Create README.md

README.md

@@ -0,0 +1,163 @@
+---
+language: rw
+datasets:
+- common_voice
+metrics:
+- wer
+tags:
+- audio
+- automatic-speech-recognition
+- speech
+- xlsr-fine-tuning-week
+license: apache-2.0
+model-index:
+- name: XLSR Wav2Vec2 Large Kinyarwanda with apostrophes
+  results:
+  - task: 
+      name: Speech Recognition
+      type: automatic-speech-recognition
+    dataset:
+      name: Common Voice rw
+      type: common_voice
+      args: rw
+    metrics:
+       - name: Test WER
+         type: wer
+         value: 39.92
+---
+
+# Wav2Vec2-Large-XLSR-53-rw
+
+Fine-tuned [facebook/wav2vec2-large-xlsr-53](https://huggingface.co/facebook/wav2vec2-large-xlsr-53) on Kinyarwanda using the [Common Voice](https://huggingface.co/datasets/common_voice) dataset, using about 25% of the training data (limited to utterances without downvotes and shorter with 9.5 seconds), and validated on 2048 utterances from the validation set.

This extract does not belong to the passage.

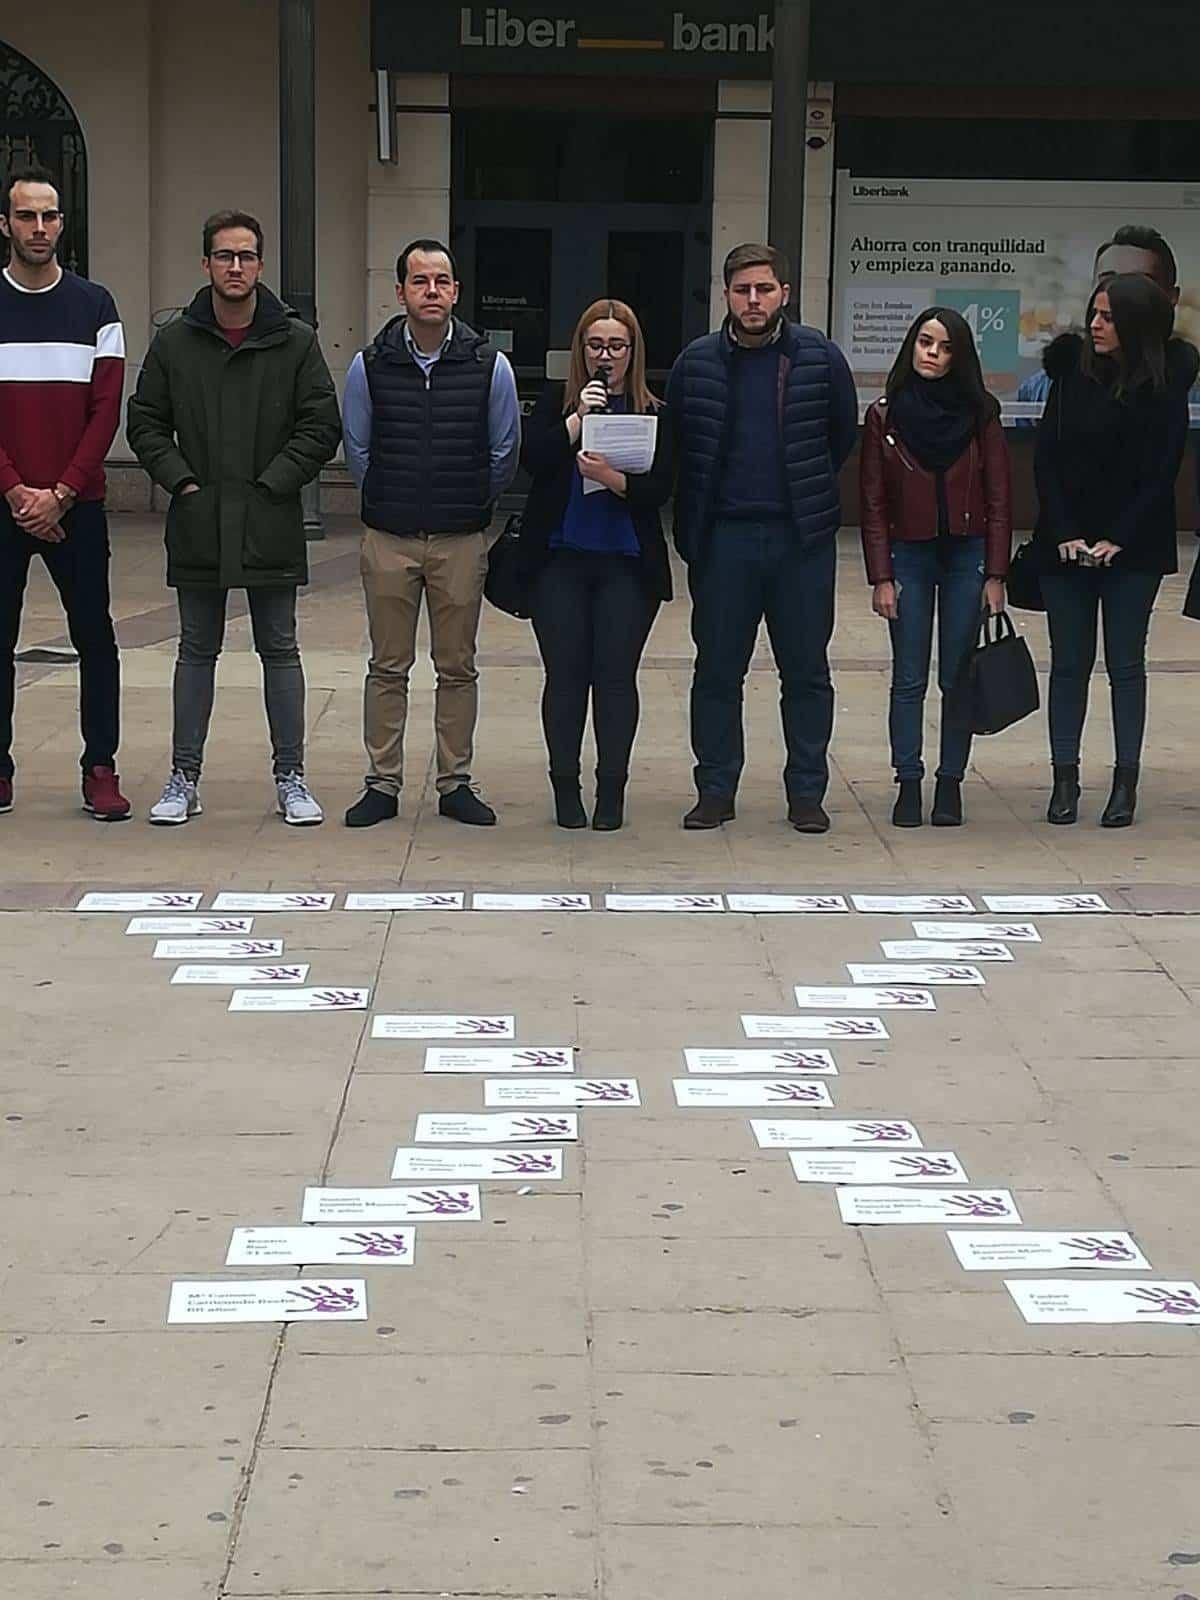 Minuto de silencio contra la violencia de género en Herencia 5

In contrast to the [lucio/wav2vec2-large-xlsr-kinyarwanda](https://huggingface.co/lucio/wav2vec2-large-xlsr-kinyarwanda) model, which does not predict any punctuation, this model attempts to predict the apostrophes that mark contractions of pronouns with vowel-initial words, but may overgeneralize.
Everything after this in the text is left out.